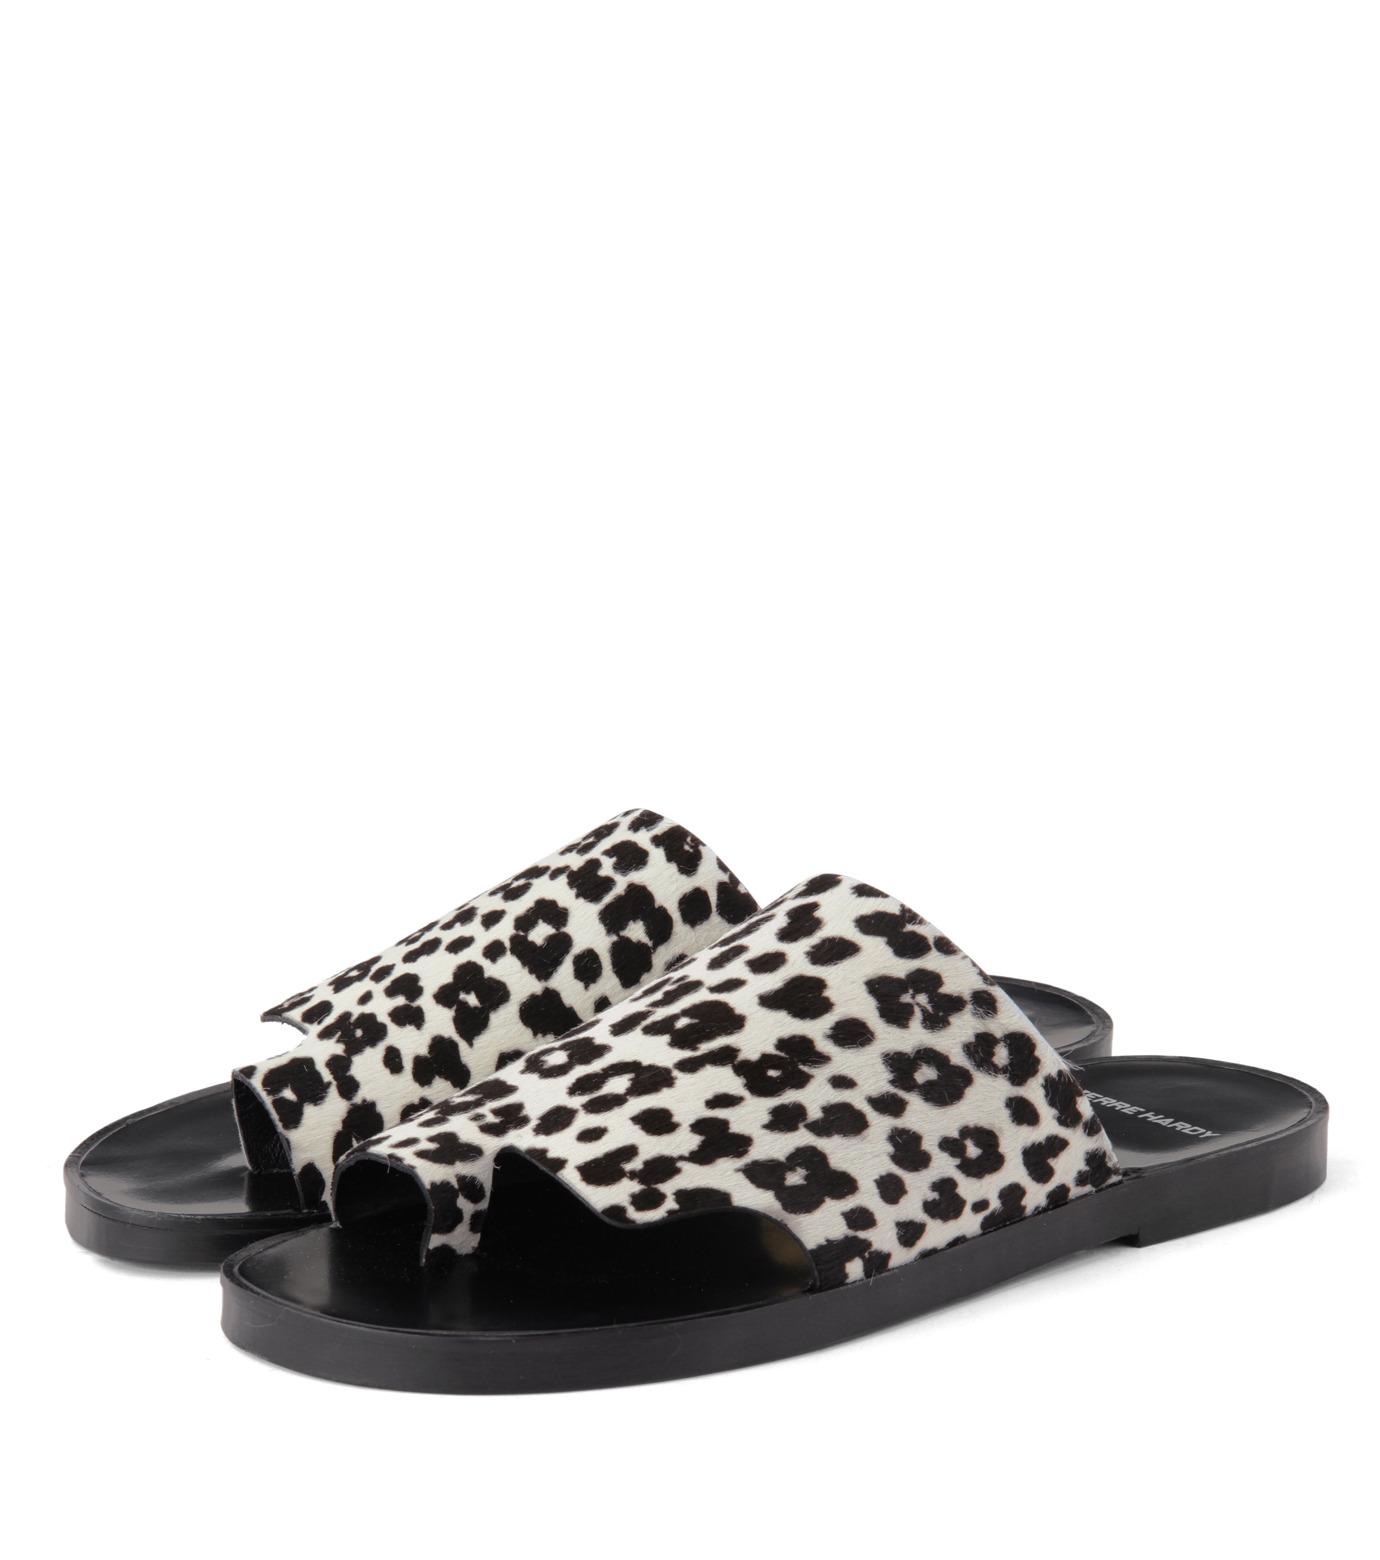 Pierre Hardy(ピエール アルディ)のLeopard Sandal-WHITE(シューズ/shoes)-S4FY08HRYCA-4 拡大詳細画像4
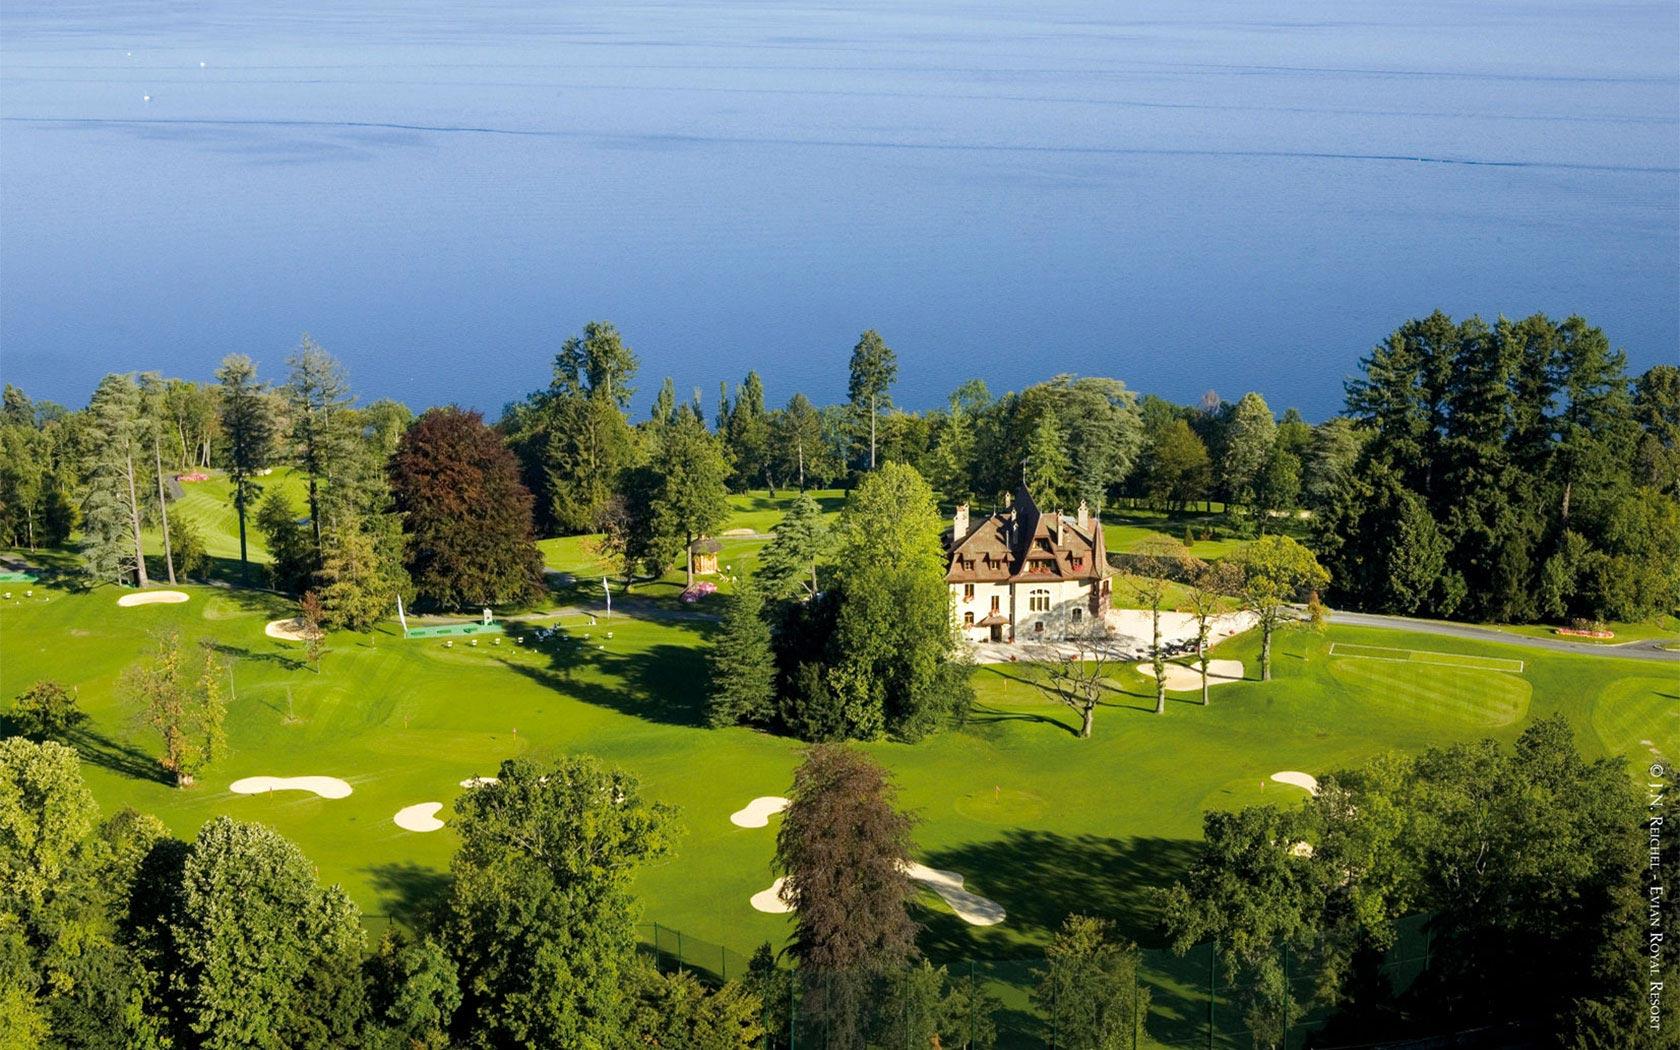 Evian Golf Academy
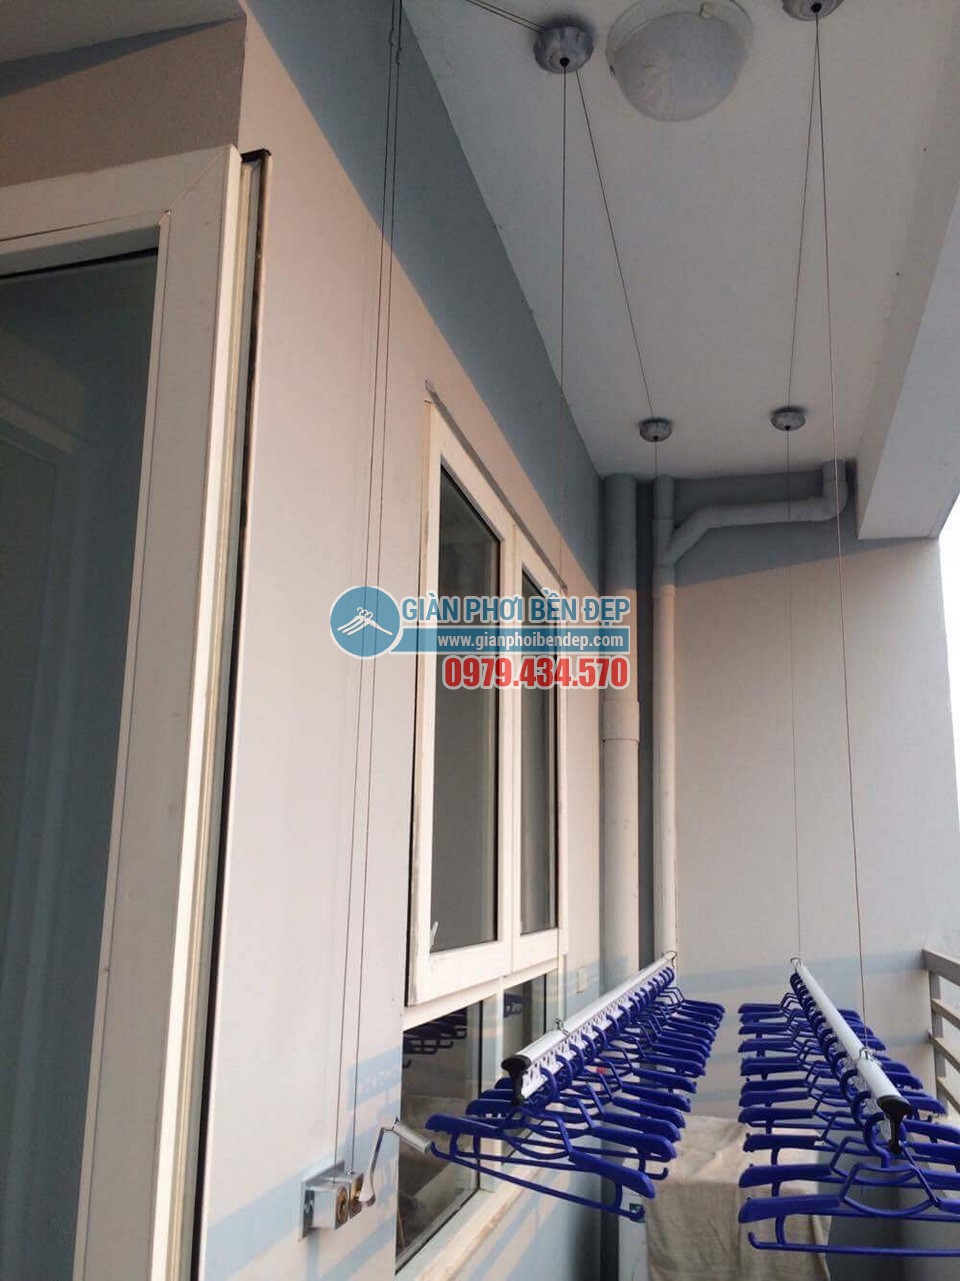 Ngắm ban công đẹp hiện đại nhà chị Thanh, chung cư A14A1 Nam Trung Yên - 05
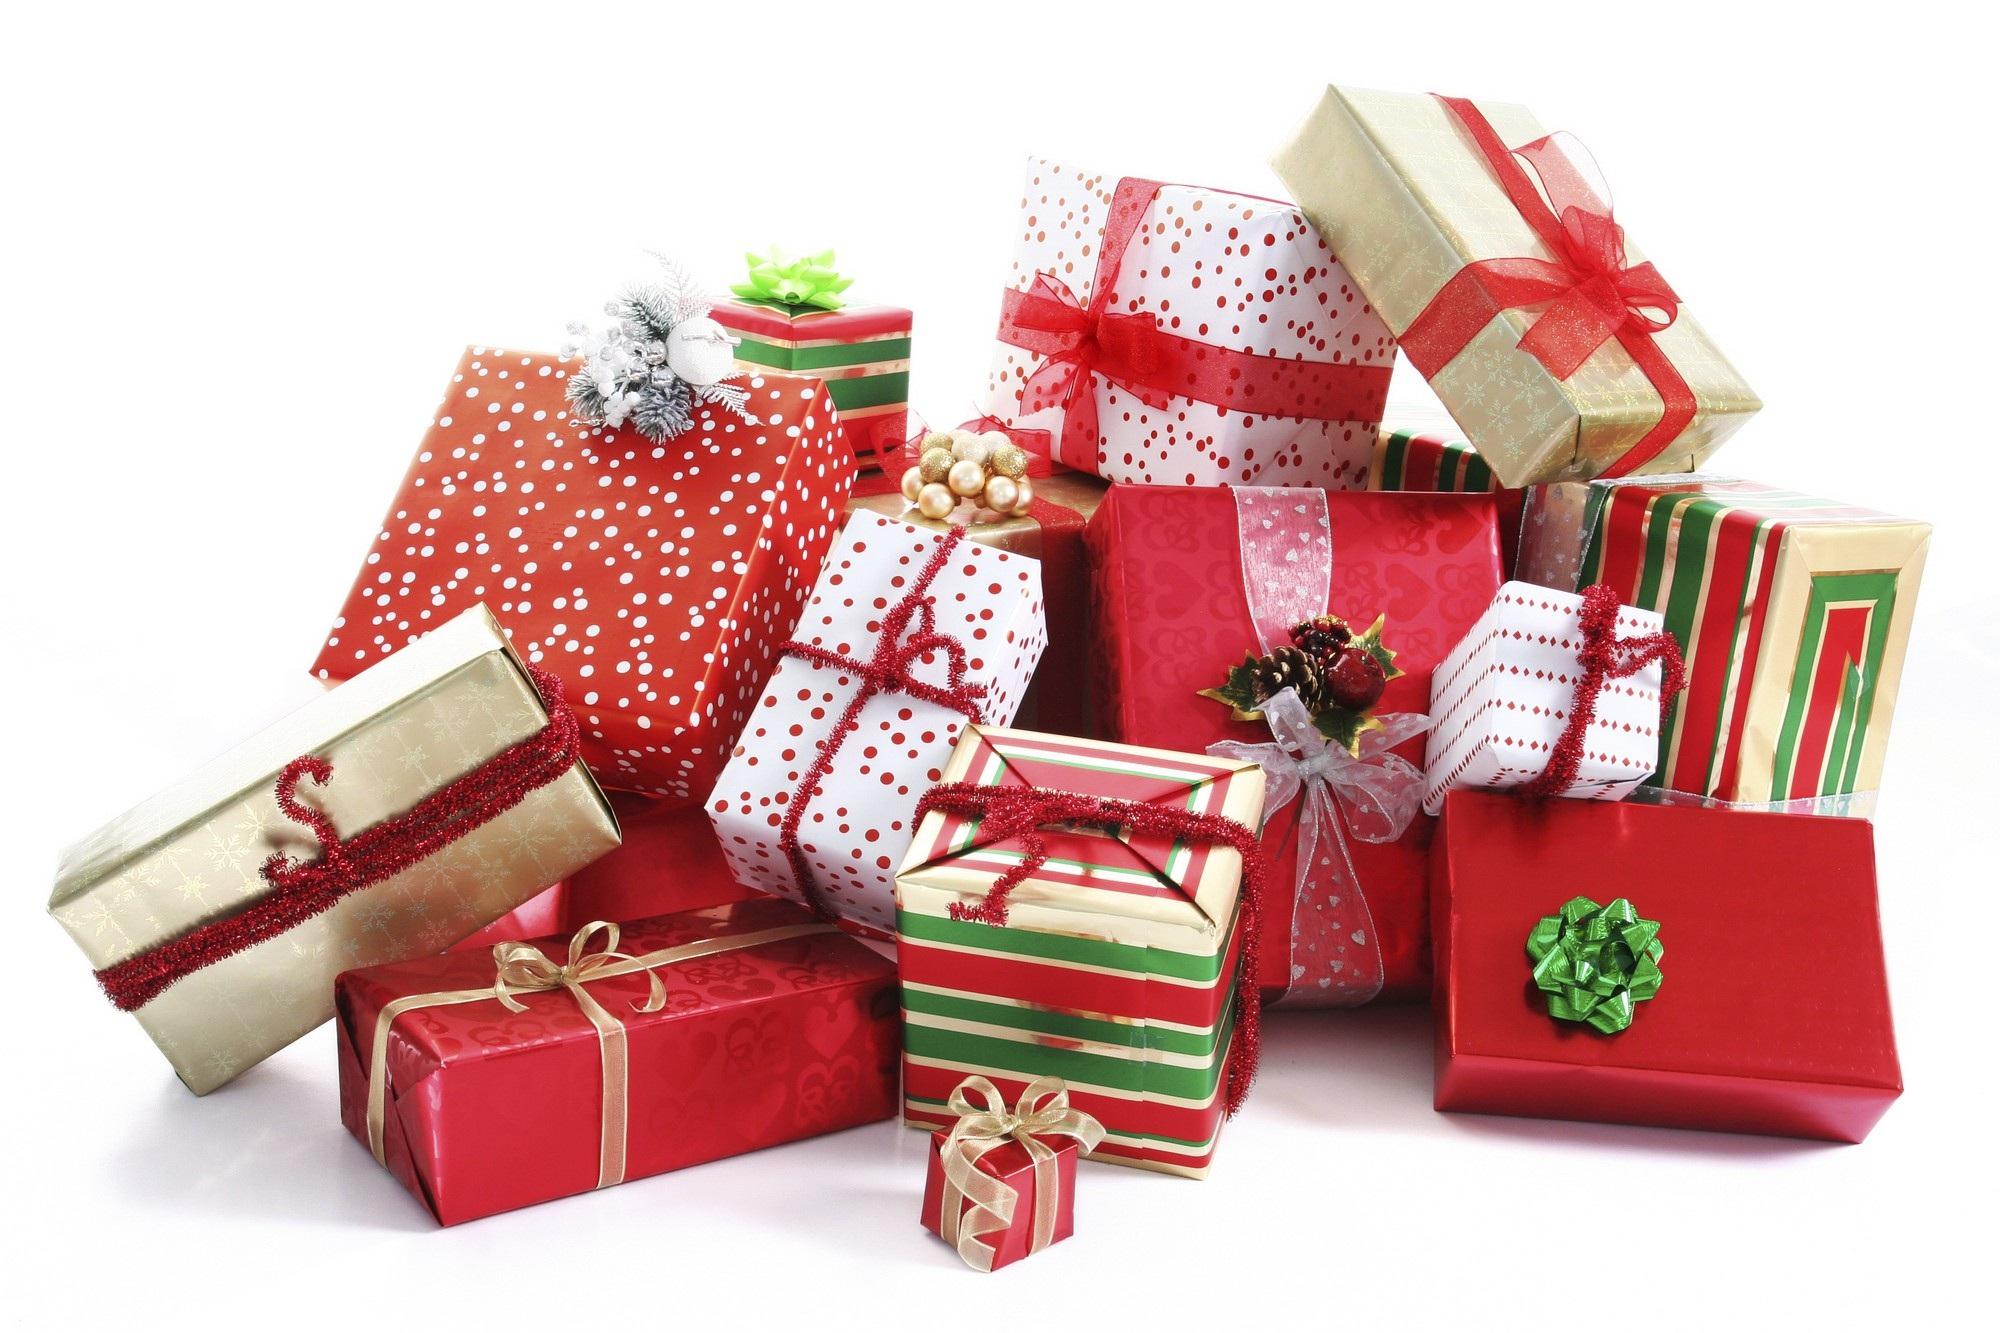 Bé 9 tuổi gọi điện báo cảnh sát vì... quà Giáng sinh không như mong đợi - Ảnh 1.

* **What to work on**
Every line from the one that holds "Ngắm ban công" to the end of the listing should be output exactly, with pictures left out, please.

* **Your solution**
 Ngắm ban công đẹp hiện đại nhà chị Thanh, chung cư A14A1 Nam Trung Yên - 05
 Bé 9 tuổi gọi điện báo cảnh sát vì... quà Giáng sinh không như mong đợi - Ảnh 1.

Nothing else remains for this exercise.